We're excited to share this library with you, designed to help you build high-performance applications with Free Threaded Python.
ft_utils is open-source software, licensed under the permissive MIT license. You can find the full license terms in our LICENSE file.
We'd love for you to contribute to ft_utils! To ensure that our codebase remains maintainable and efficient, we follow some simple guidelines. Please take a look at our CONTRIBUTING.md document for more information.
In addition to these guidelines, we have a few extra rules to keep in mind:
- Language: We use C11 and Python as our only programming languages.
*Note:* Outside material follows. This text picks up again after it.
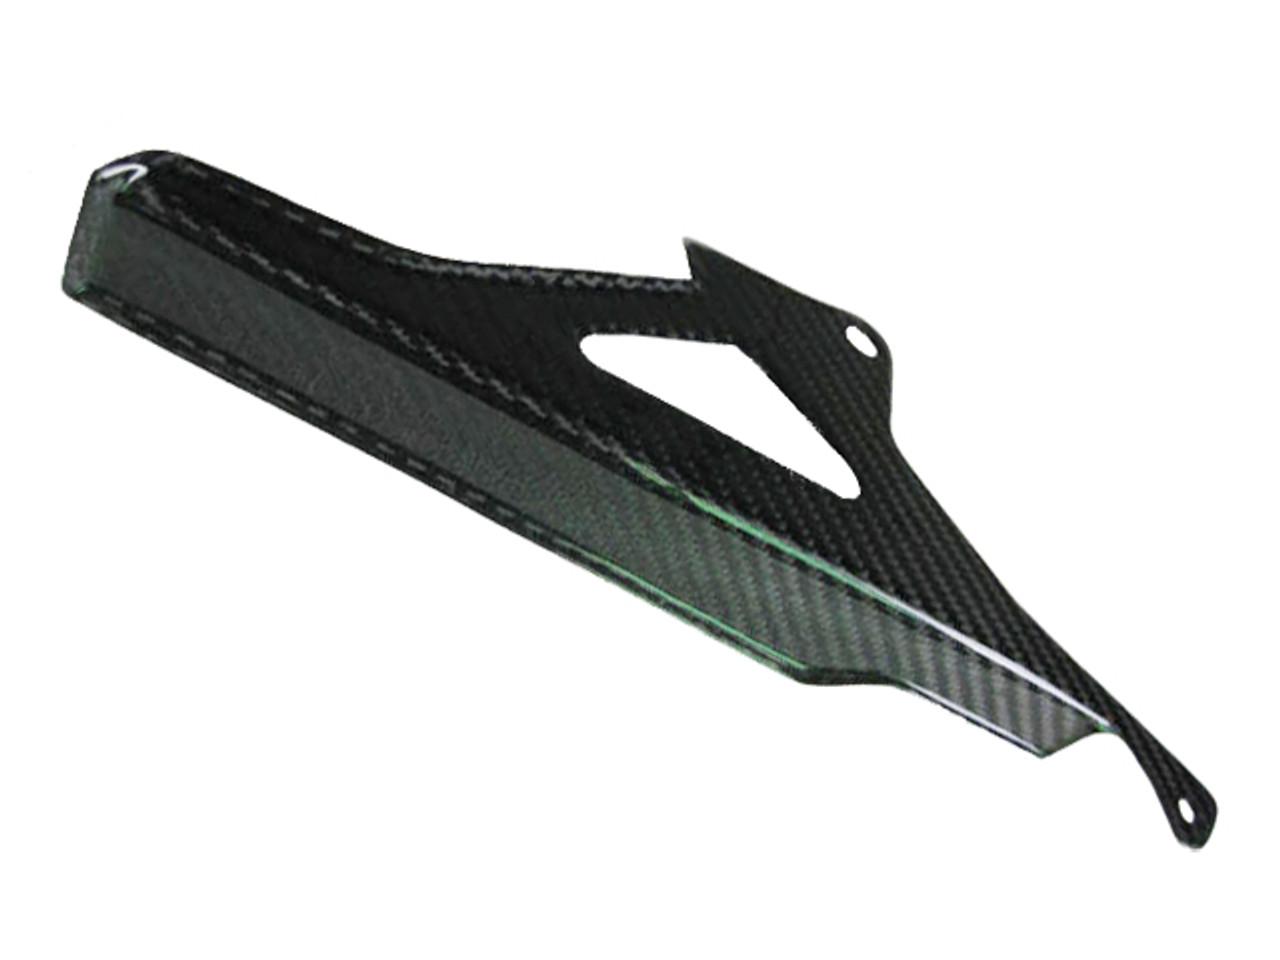 Glossy Twill Weave Upper Chain Guard for Aprilia RSV4 2009+, Tuono 2011+

Build scripts can be in other languages.
- Cross-Platform Compatibility: Our code must compile on Windows, Linux, and Mac(arm).
- GIL and Free Threaded Python: All functionality should work seamlessly on both GIL and Free Threaded Python, although results may vary slightly between the two environments.
- Unit Tests: Every feature must have at least one unit test to ensure it works correctly.
- Benchmarks: It is best practice to write benchmarks for all new features to further test and to drive our aim of high performance.
See to documentation.
At the time of writing ft_utils is a source only distribution. You will need to build the wheel yourself.
You will need a source code version of CPython. To run for Free Threaded Python, at the time of writing, this means you will require CPython 3.13 and compile as 3.13t. This code will also compile under 3.12 but then you only get the GIL version.
Please ensure you are in a virtual environment. If you cannot, or do not wish to do this then you will need to coomment out the call to check_env() in setup.py.
Once you have everything in place, please execute setup.py as a python script:
python setup.py bdist_wheel
If this does not work due to networking then you might need use a proxy; for example:
https_proxy=http://fwdproxy:8080 python setup.py
The code in ft_utils is built and tested interally within Meta. At the time of writing there is no external CI.
However, once installed you can test the code via python -m ft_utils.tests.test_run_all
. This will not work if your current working directory is the ft_utils source director (due to name clash). This will run all the tests and benchmarks which are known good and report any failures.